3. Bathroom breakers– Having only a couple restrooms for a plane full of people is no fun. If you’re the one to funk it up for the rest of us how about a gift bag of Febreeze, nose plugs, and Parisian eau de toilette to mask the odor?
4. Chair kicker– Babies and toddlers get a pass on airplanes but if you’re old enough to know right from wrong the constant back banging is annoying. Adults aren’t immune from doing this either. Those who put the tray table up and down multiple times or use my seat back to stand up and accidentally pull my hair, I’m talking to you too.
5. The talker– Forget ear plugs for a crying baby. I need ear plugs for the lady heading to visit Aunt Sally for the first time since her cousin Barbara went through a divorce from Uncle Billy after cheating with the Wal-Mart cashier. NOoooo I don’t need to know your after flight itinerary and life story.
6. The drunk– Maybe you’re anxious/excited about flying, visiting relatives, or just an alcoholic…being stuck on a plane with the guy who can’t handle liquor on a plane is about as much fun as playing with the schoolyard bully. Forget the goody bag, can we all just vote him off the island via the closest emergency exit?

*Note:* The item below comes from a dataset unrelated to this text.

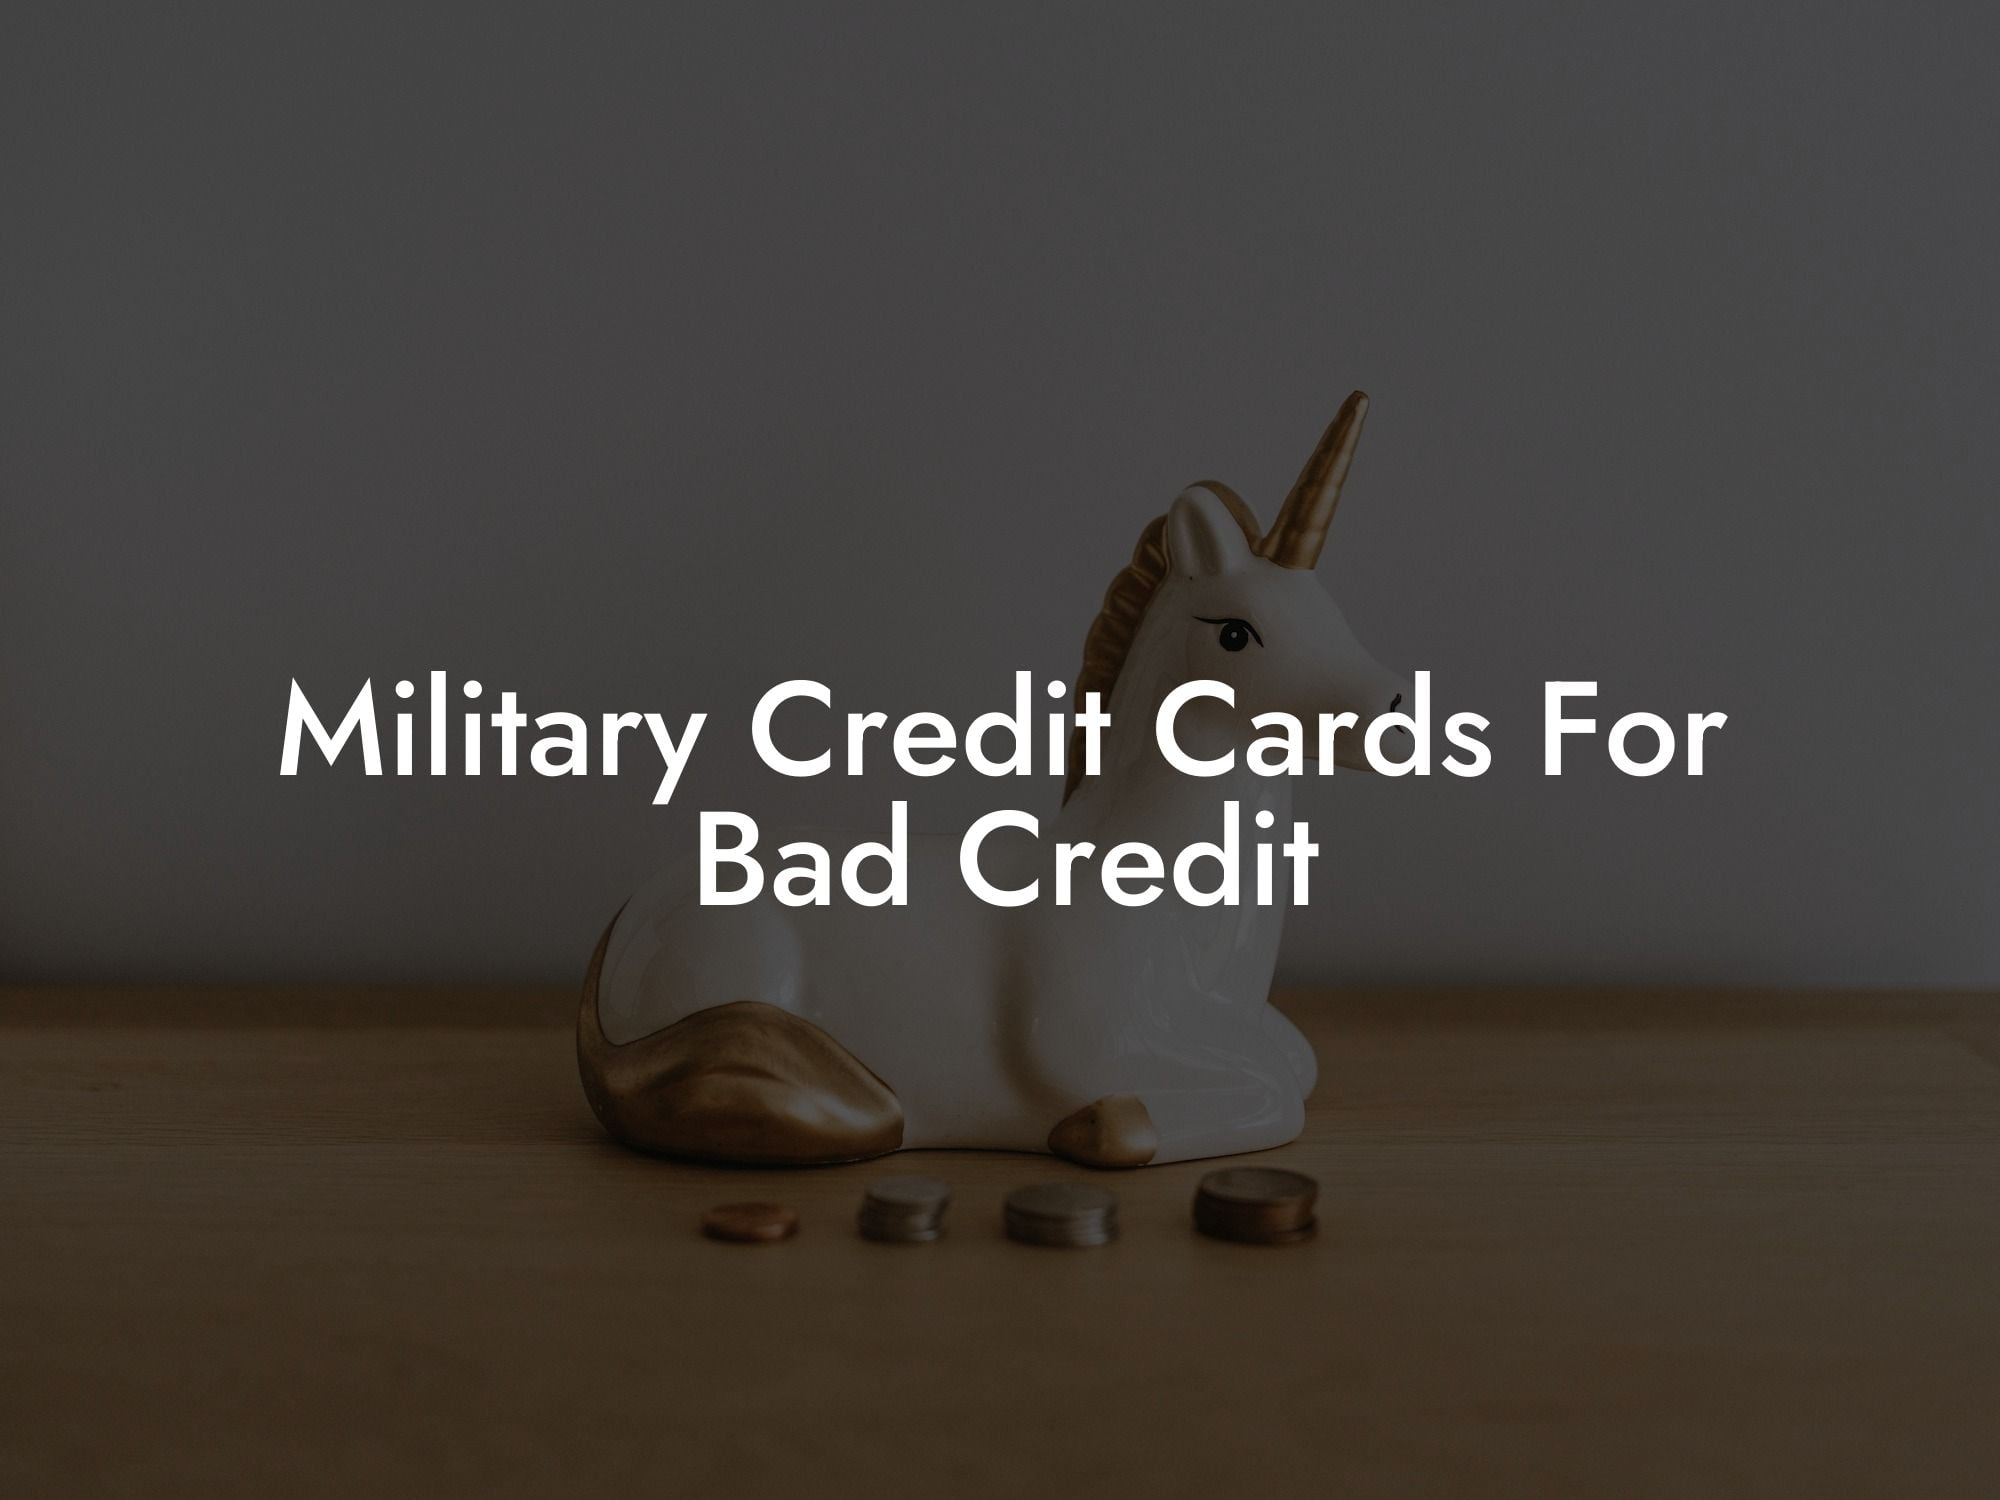 Military Credit Cards For Bad Credit

Parents please don’t feel guilty about flying with your youngster. Those who don’t understand your situation or can’t empathize with a young baby aren’t worth the worry. If there’s a complaint about an airline passenger, it’s the six above mentioned violators I’m more concerned about. Let’s restore the friendly skies for little ones and save the eye rolls for these offenders.